Жозефине же мы не возбраняем петь или пищать, сколько ей вздумается, и как бы она это ни называла, — ее писк нам не мешает, он нам по душе, мы его приемлем; если в нем и присутствуют какие-то элементы музыки, то они сведены к неощутимому минимуму; таким образом сохраняется известная музыкальная традиция, но она ни в какой мере нас не обременяет.
Но Жозефина дает и нечто большее этому своеобычному народу. На ее концертах, особенно в трудные времена, одна только зеленая молодежь еще интересуется певицей, лишь наиболее юные из нас с удивлением смотрят, как она выпячивает губы, как выталкивает воздух сквозь точеные передние зубки, как, придя в экстаз от собственных рулад, падает замертво и пользуется этим для того, чтобы подготовиться к новым, еще более невнятным воспарениям. Вся же масса слушателей, как это по всему видно, уходит в себя. В эти скупые промежутки роздыха между боями народ грезит; каждый как бы расслабляет усталые мускулы, словно ему, безотказному труженику, в кои-то веки дано растянуться и вволю понежиться на просторном и теплом ложе. В эти грезы нет-нет да и вплетается Жозефинин писк; пусть она это называет трелью, а мы — стрекотом, не важно, здесь он на месте, как нигде, как музыке редко выпадает счастье прийтись к месту и ко времени.
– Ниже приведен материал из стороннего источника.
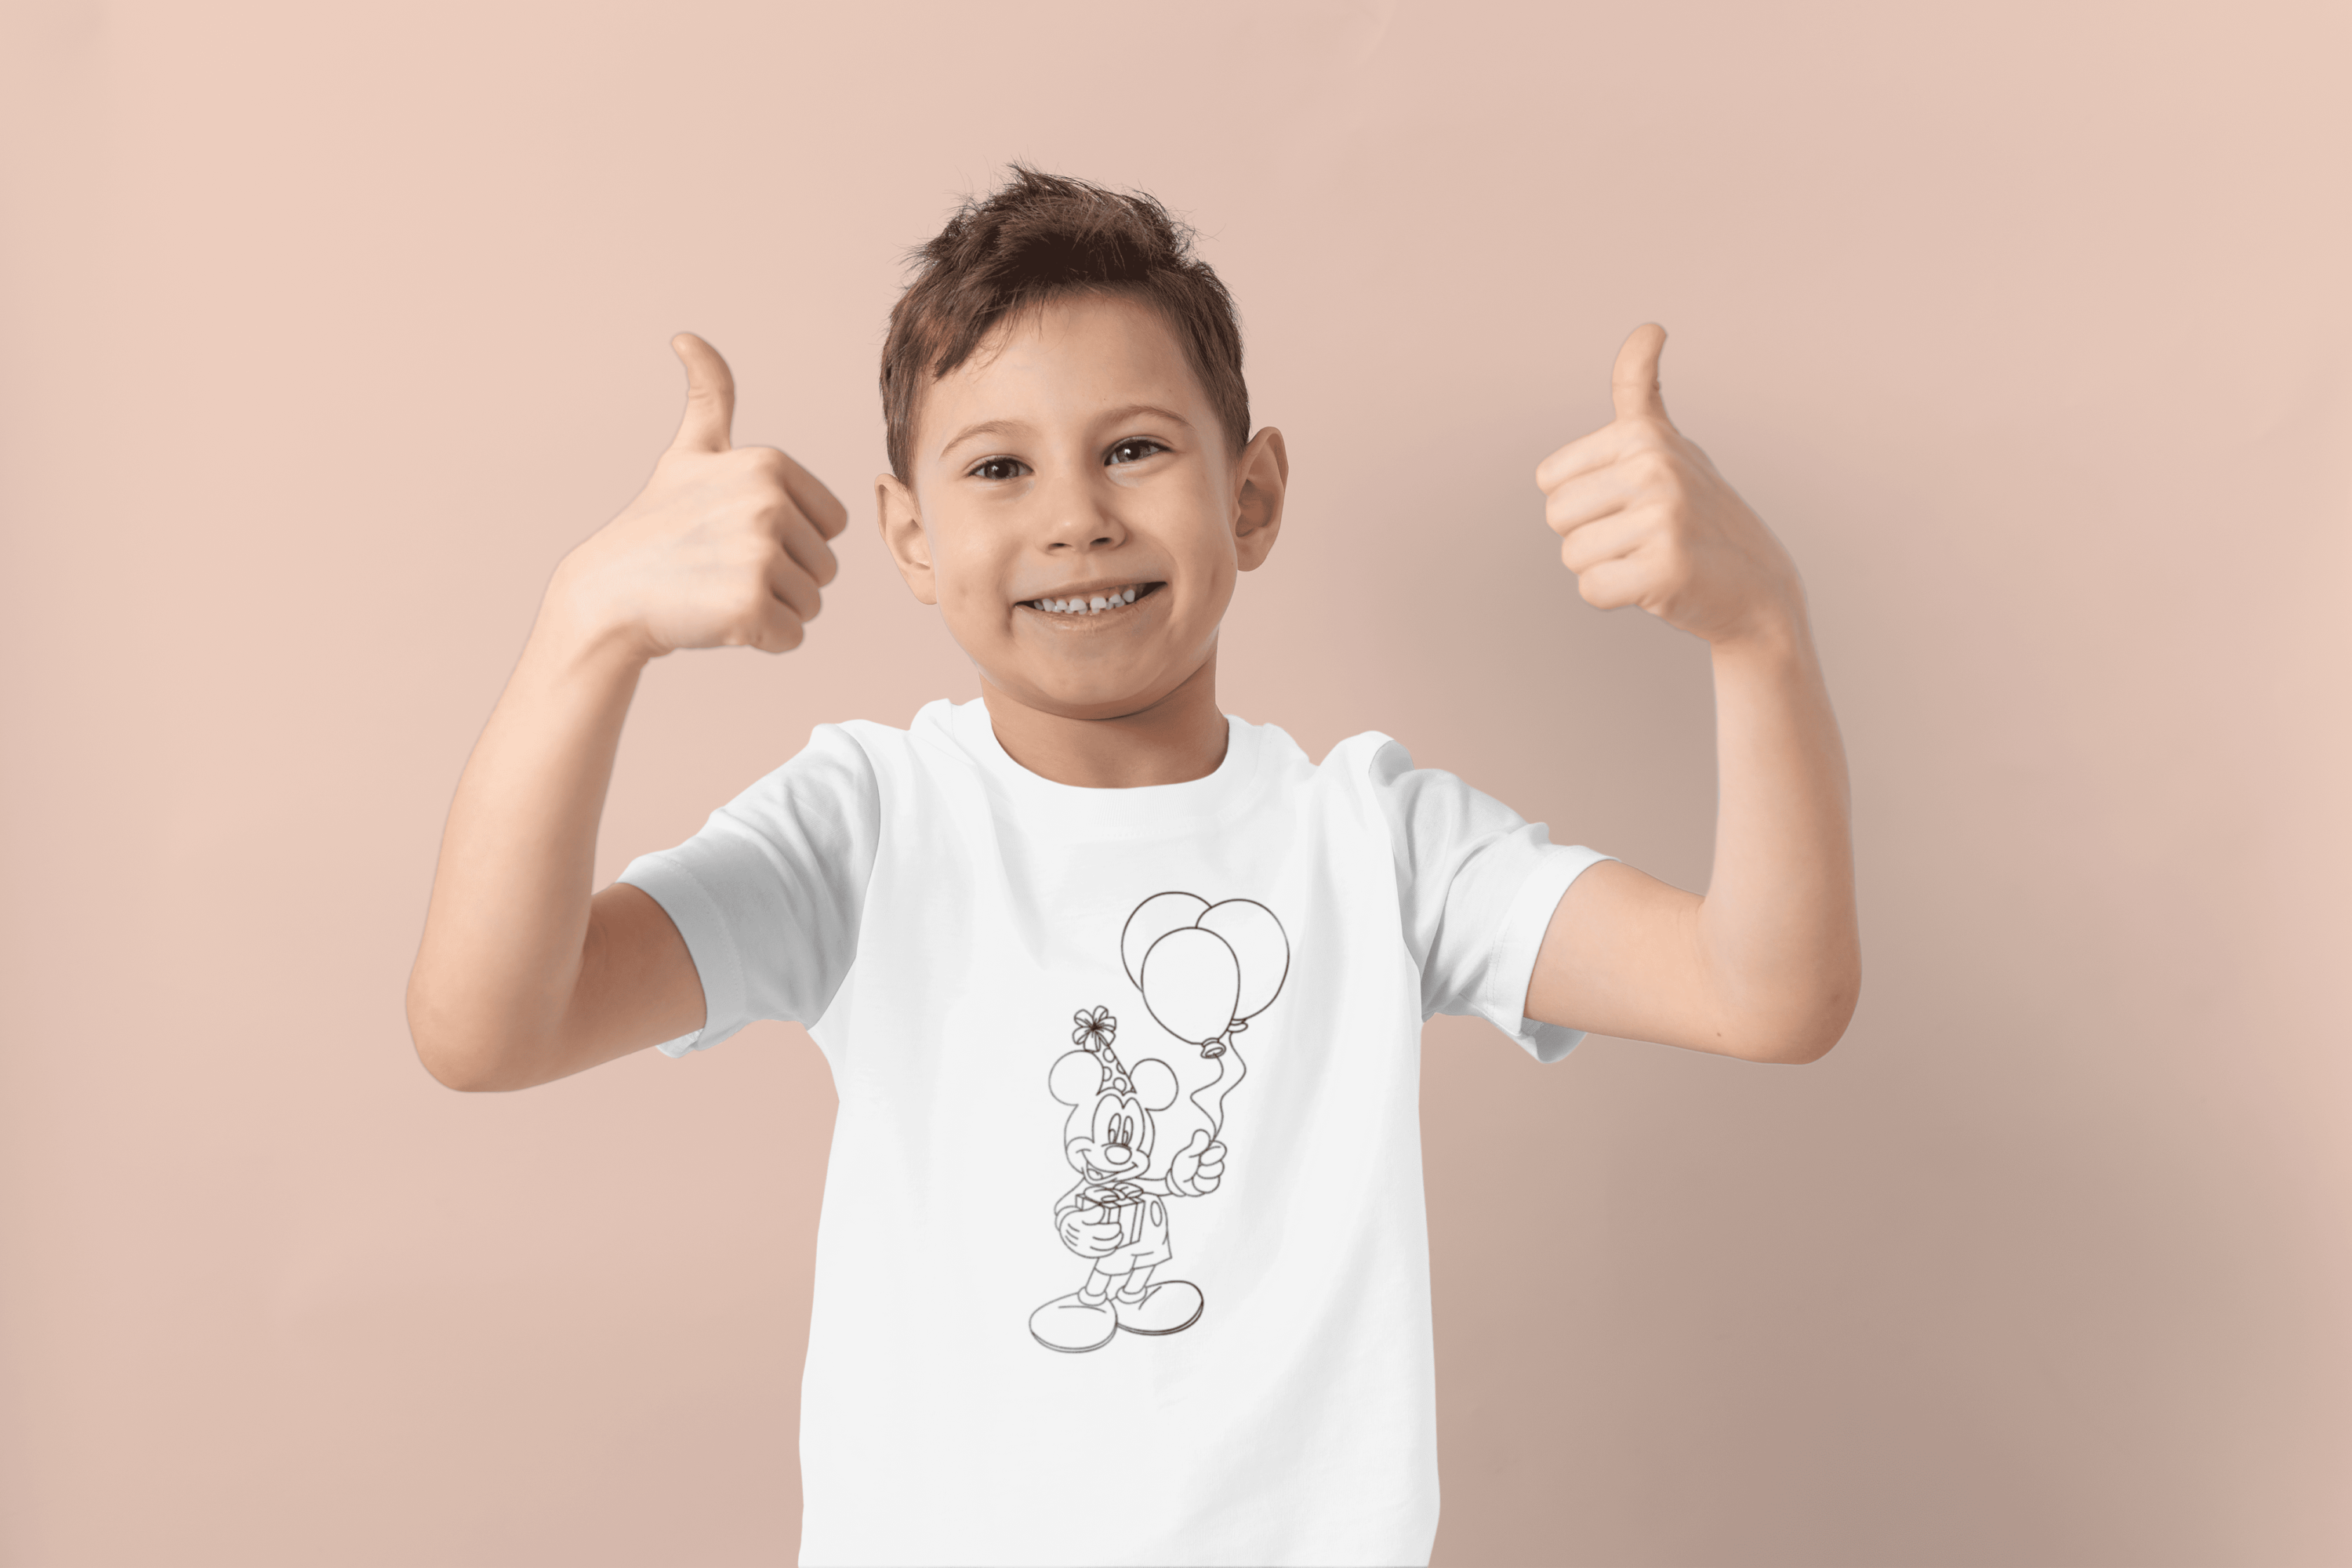 Cool kid's t-shirt with the festive Mickey Louse in an outline.

Чем-то эта музыка напоминает народу короткое бедное детство, утраченное, невозвратное счастье, но что-то в ней есть и от его сегодняшней деятельной жизни, от его маленького, упорного, непостижимого, неистребимого оптимизма. И все это возглашается не гулкими, раскатистыми звуками, а тихо, доверительным шепотком, временами даже с хрипотцой. И разумеется, это писк. А как же иначе? Ведь писк — язык нашего народа, только иной пищит всю жизнь и этого не знает, здесь же писк освобожден от оков повседневности и на короткое время освобождает и нас. Не удивительно, что выступления Жозефины так нас привлекают и мы стараемся их не пропускать.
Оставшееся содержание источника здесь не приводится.